As a basic property of the circuit architecture, the cells harboring pALL7 can be in a monostable and a bistable behavioral regimes, depending on culture conditions. ( and ). After several serial overnight cultures in Medium N (see Experimental procedures), which does not impose restrictions on essential nutrients, the cells proliferated sufficiently fast so that the gene products of the two operons, including the repressors, were kept low due to dilution. Consequently mutual inhibition was too weak and did not produce bistability. In this monostable regime cells were reproducibly distributed around low levels of expression for both operons (blue dots). Two-color flow cytometry analysis () indicate low levels of expression of Operon 1 (green fluorescence) and Operon 2 (red fluorescence) for each cell. We refer to this state of weak expression from both operons as Attractor W, which is expected to appear at the low total concentration of the two repressors relative to the dissociation constants for their interacton with their promoter binding sites.

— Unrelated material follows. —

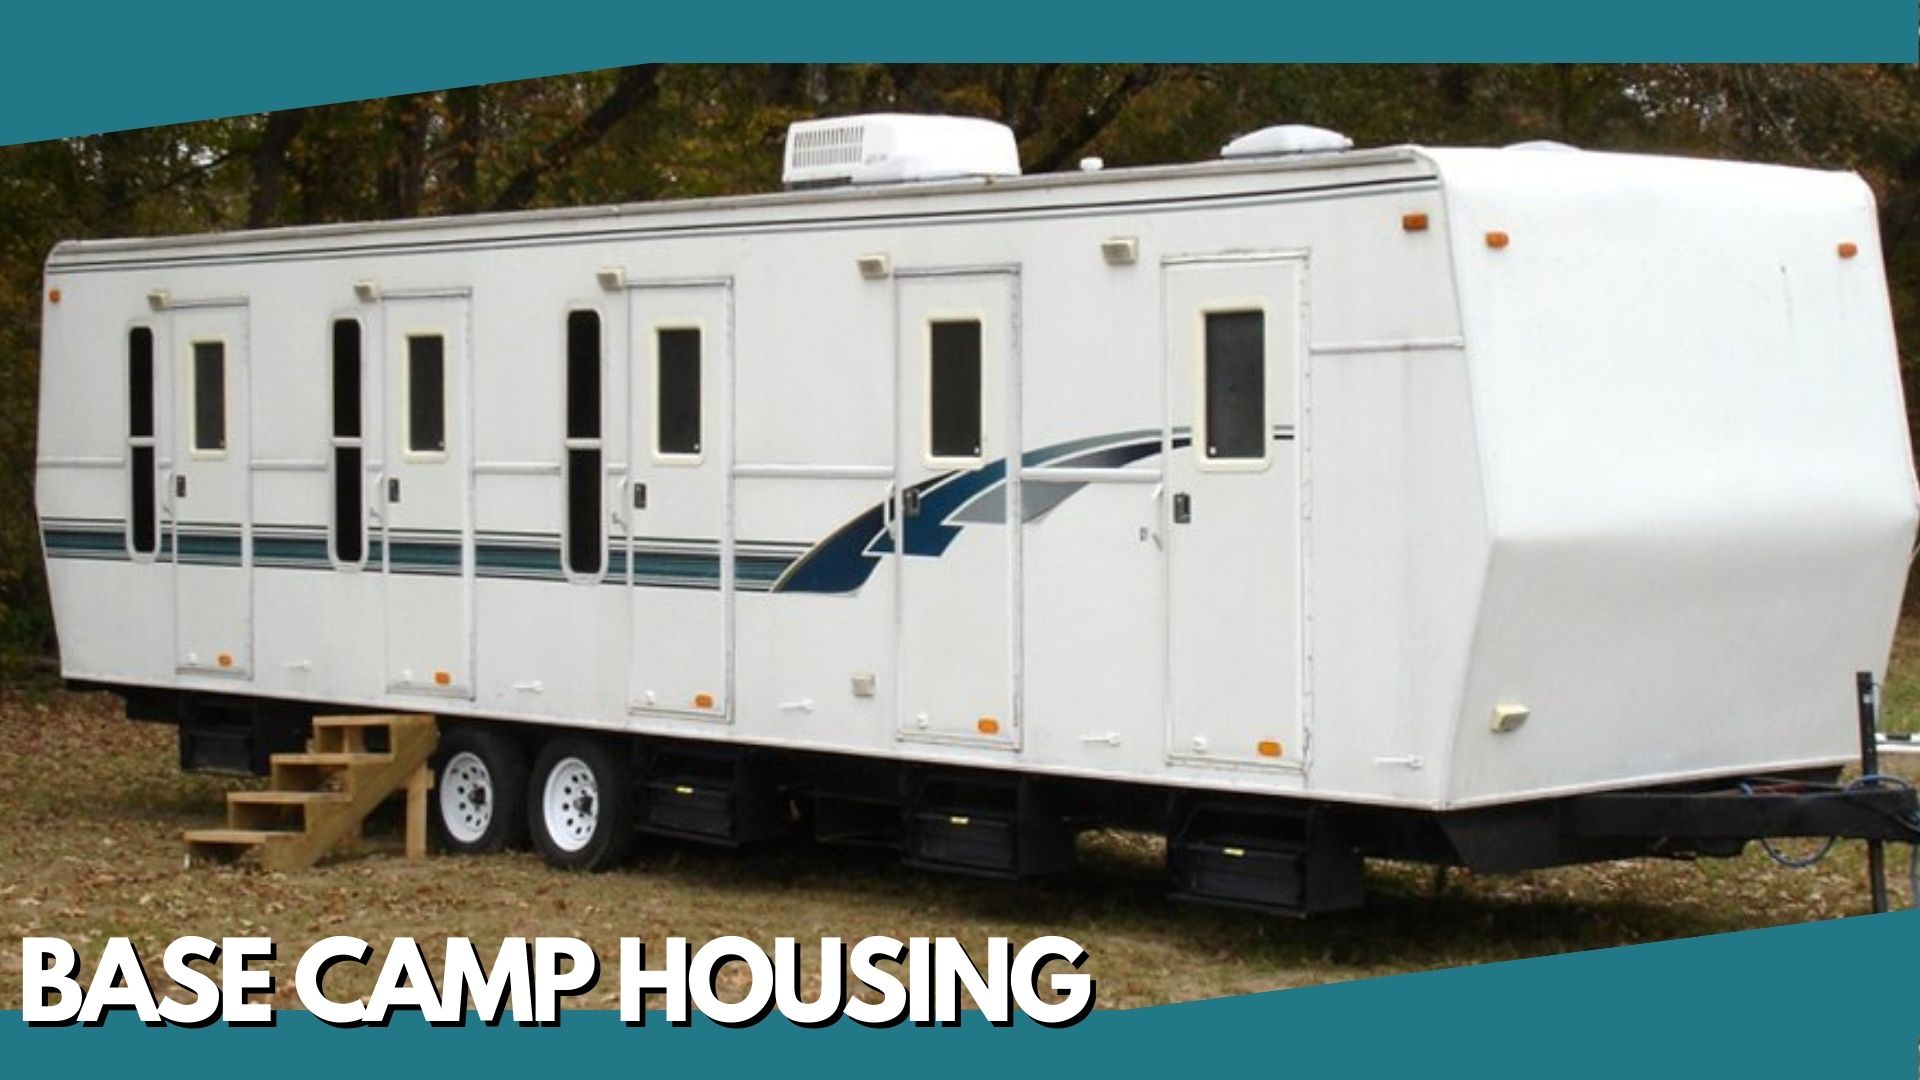 30ft-bunk-house-trailer-3-1024x512

In contrast, when the total concentration of gene products is high, the network was shifted into the bistable regime, exhibiting the two Attractors 1 and 2, as expected (); either strong expression of Operon 1 with strong repression of Operon 2 (Attractor 1), or vice versa (Attractor 2). This was achieved by slowing down cell proliferation using 170 µg/ml nalidixic acid
[23],
[24] which reduces the specific growth rate by 30~40%. In this bistable regime, the balanced state of Attractor W is no longer stable. When either of the operons happens to express its encoded repressor at a slightly higher level than the other, the other operon is slightly suppressed, which in turn decreases the concentration of the repressor for the former operon, leading to a further increase in expression of the former. Thus, the cells are tipped into either of the two self-stabilizing Attractors 1 and 2, as originally intended by the circuit design.
Shift in Gene Expression Specifically toward the Adaptive Attractors
We next studied the “adaptive” response of the network to external changes by exposing the cells to culture conditions that require the presence of either enzyme (GLS-H or mDHFR) whose mutually exclusive expression is associated with the two attractors. Thus, we ask whether cells can find the “adaptive attractor” that copes with the nutrient condition (Scheme in ). For this purpose, we used two environmental conditions to implement the respective nutrient depletion: Medium M lacks glutamine, so that cells are required to syntheszie it to keep up cellular activity. Cells carrying pALL7 can overcome glutamine depletion if glutamine synthetase (GLS-H) in Operon 1 is stably expressed, that is, when they are in Attractor 1. Conversely, Medium T consists of Medium N plus trimethoprim lactate, which causes tetrahydrofolate depletion
[22] in the host cells. In this case the host cells carrying pALL7 can overcome tetrahydrofolate depletion if mDHFR in Operon 2 is expressed, which is active when cells are in Attractor 2. In summary, the Attractor 1 (2) is adaptive in mdeium M (T), respectively.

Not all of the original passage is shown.